To Suffocate or To Live: Why I Must Leave
To Suffocate or To Live: Why I Must Leave
Lately, I’ve been thinking about loading up the car, saying to hell with everything, and just driving. Living out of the car if I have to. Finding some other city, some other soil, to plant myself in until I can get established. It might sound reckless, but I would rather be homeless in a car with hope than secure in a house where my soul slowly suffocates.
I live in a place where sameness is celebrated, where chicken gravy is considered daring and Chinese food is considered exotic. Where routine is not just comfortable—it is the highest virtue. The people here don’t demand expansion of themselves, and they don’t expect it of others. They’ve grown accustomed to the glass walls of their fish tank, convinced it’s the whole ocean.
But I can feel the glass pressing in on me. Spiritually, emotionally, intellectually—I am suffocating. Even the securities I have here—a house, food, family—don’t feel like gifts anymore. They feel like cages.
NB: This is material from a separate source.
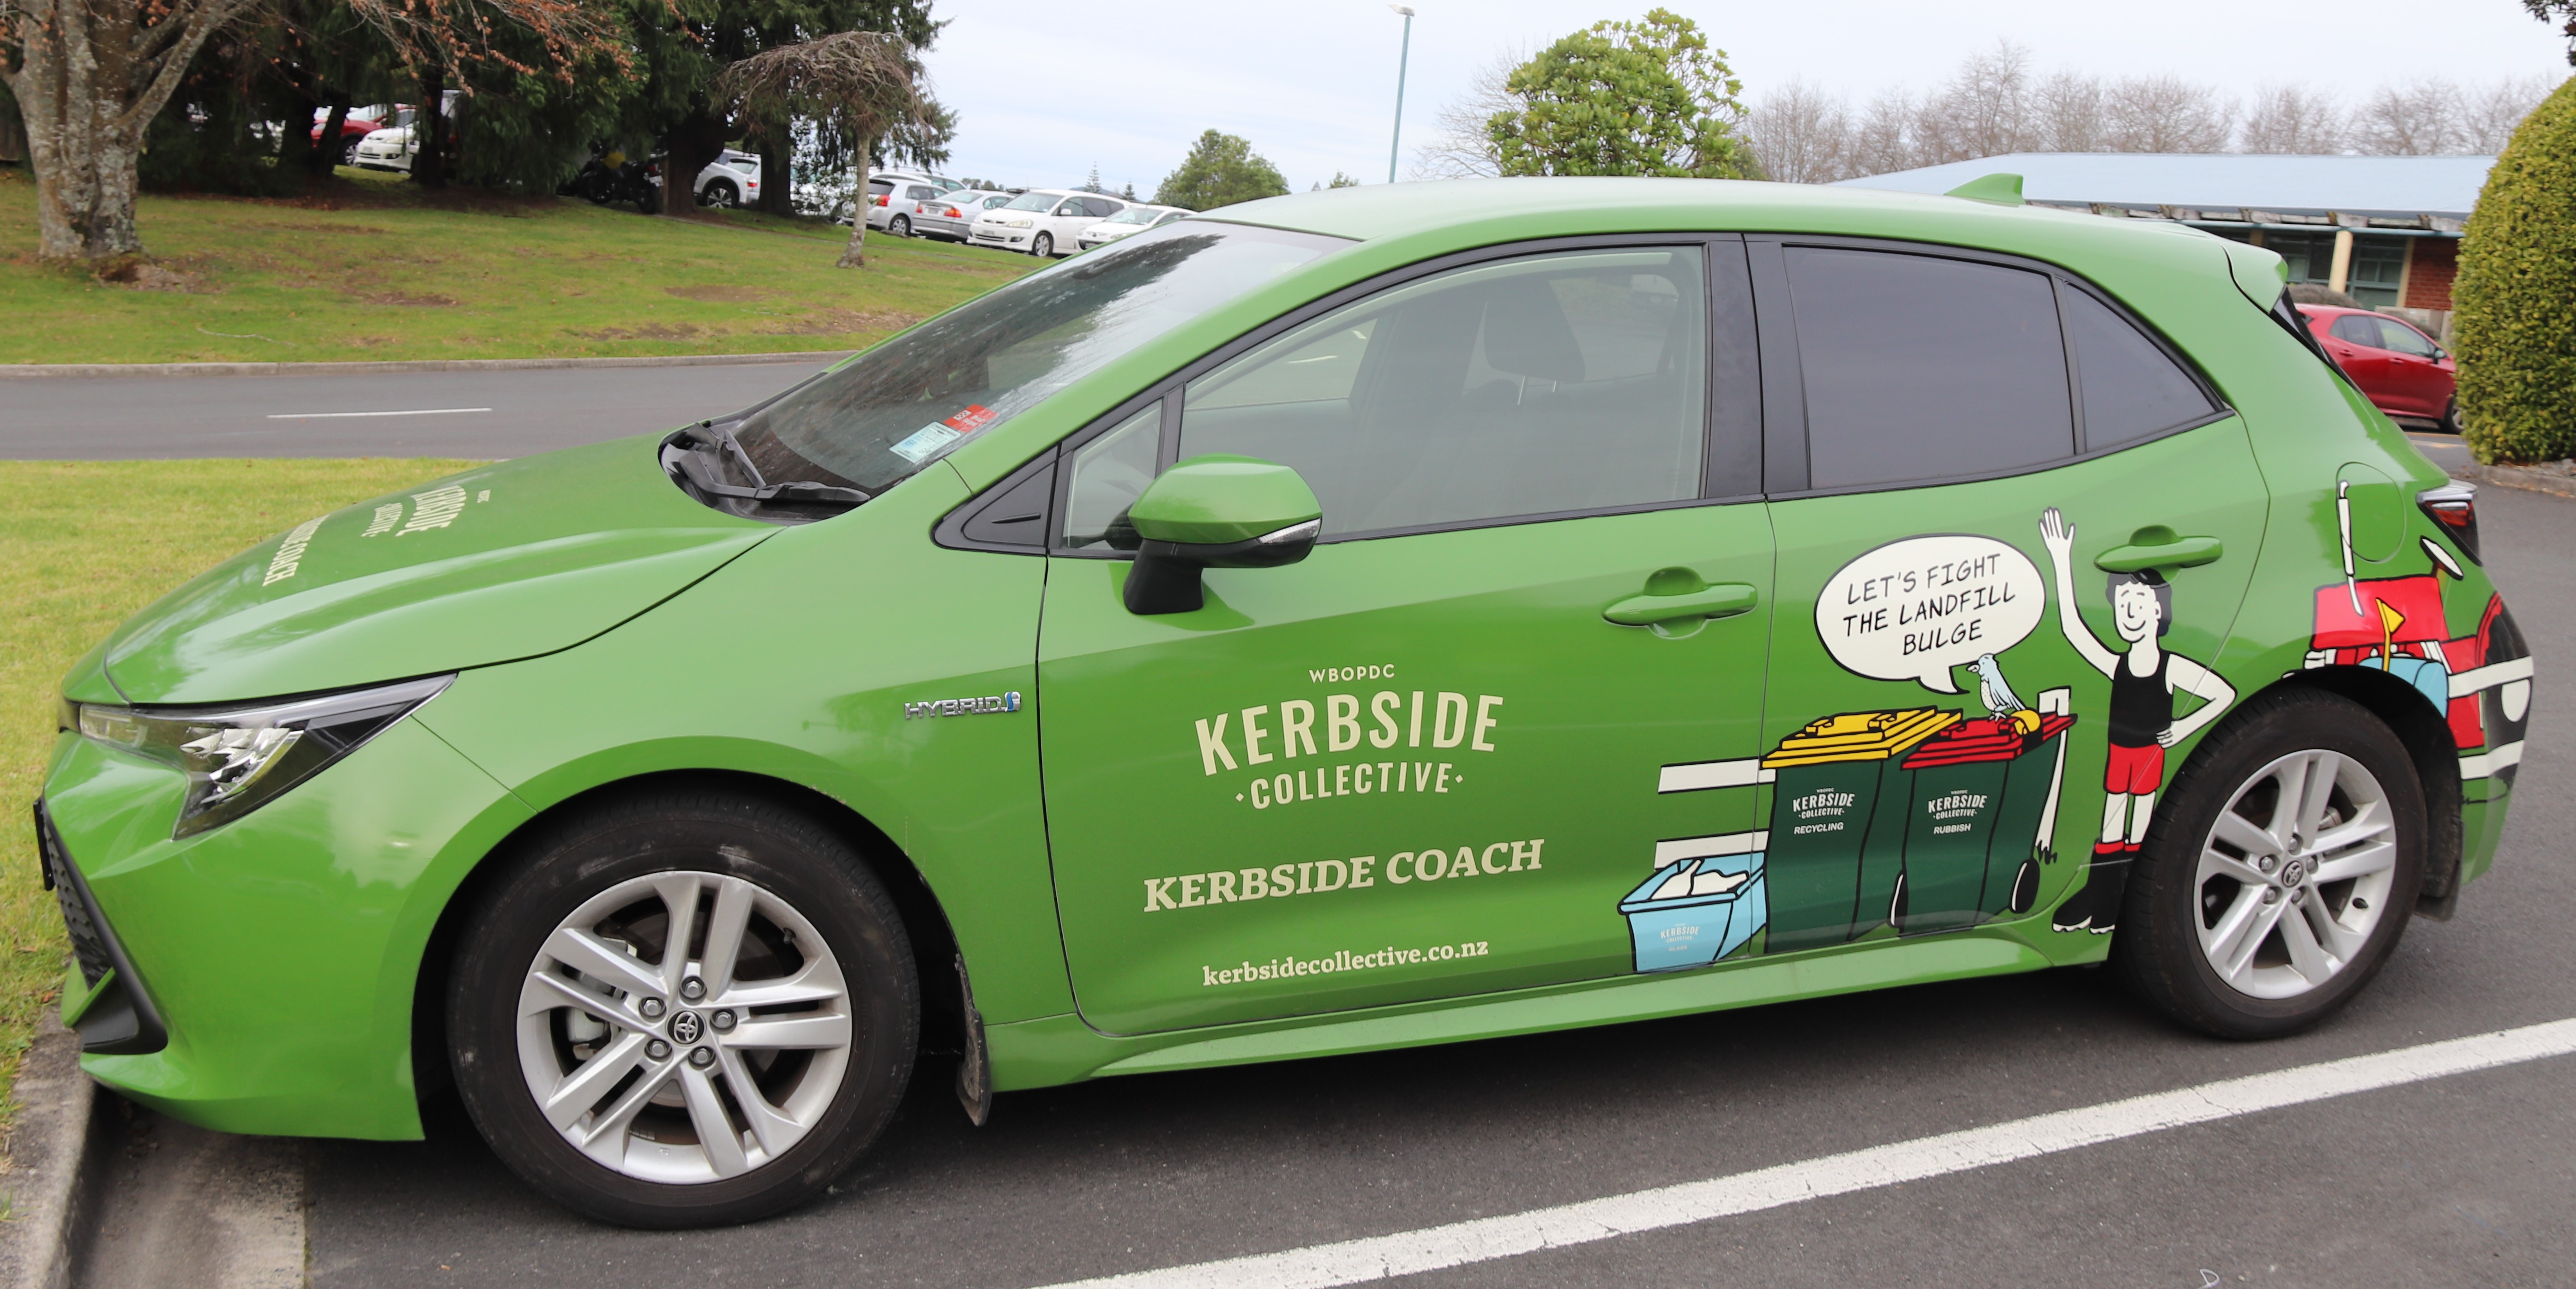 Council's Kerbside Coach, part of the education programme to ensure residents recycle right.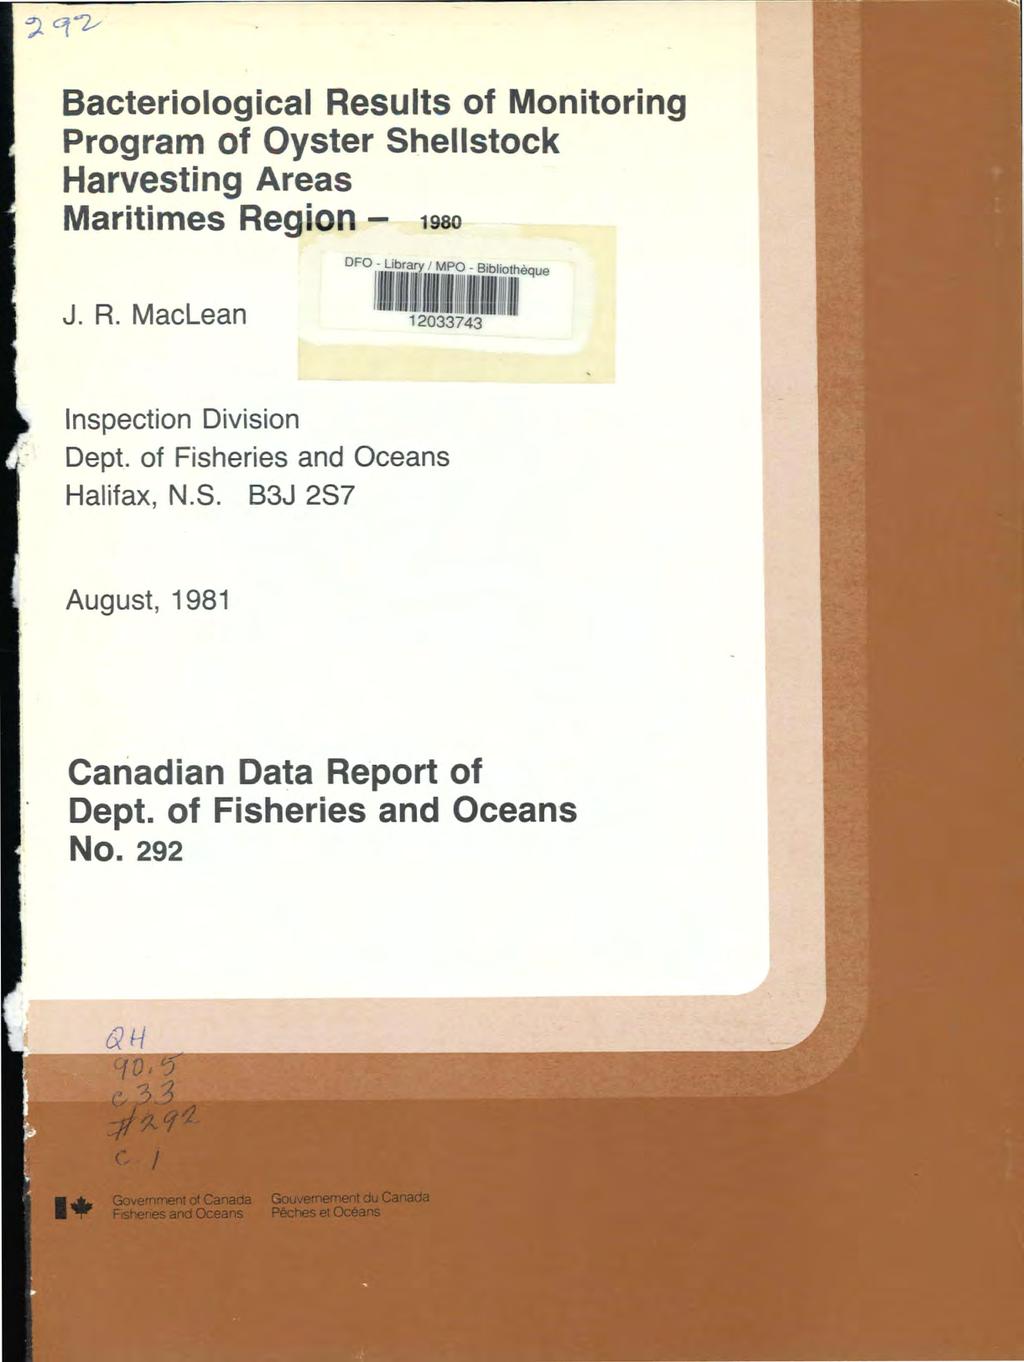 Bacteriological Results of Monitoring Program of Oyster Shellstock Harvesting Areas Maritimes Region 1980 J. R. MacLean DFO L bra y / MPO Bibliothèque 1111141,31fl ThIhIIIII II h Inspection Division Dept.

They promise safety while delivering only stagnation. The coin flips heads, it flips tails, but it is always the same coin.
Some might say I’m running away. I reject that. There is nothing here that I am trying to escape—no deep personal demons, no unsettledness in myself, no “problems” that require fleeing. If anything, I long for new problems. I crave the friction and the challenge of growth. What I want to escape is not myself—it’s the culture I live in.
This culture, for me, is like being in an abortion clinic receiving services—not because I have shame about who I am, but because the environment itself is designed to terminate potential. To cut off what could be. To ensure that nothing grows. That is what it feels like to live in Pocatello: a quiet death of spirit, disguised as stability.
I would rather risk everything for movement, for expansion, for the possibility of life. I would rather run headlong into the chaos of the unknown than remain here in the stagnant certainty of death. Because here, even in comfort, I cannot breathe.
And so, this isn’t about running away from problems. It is about willingly running into them—into the storms, the hunger, the uncertainty, the raw winds of becoming—just to feel the air fill my lungs again. To feel the pulse of movement, the risk of living, the weight of freedom.
For to stay here is to live in a sealed pond, where the water has grown stale, where nothing moves, where even the fish forget the taste of the current. But to leave—to risk homelessness, instability, and the unknown—is to throw myself back into the river. A river that might batter me against rocks, might pull me under, but will always move, always carry me somewhere new.
And if I have to choose between a pond that suffocates and a river that could drown me, I will choose the river every single time. Because at least in the river, I am alive.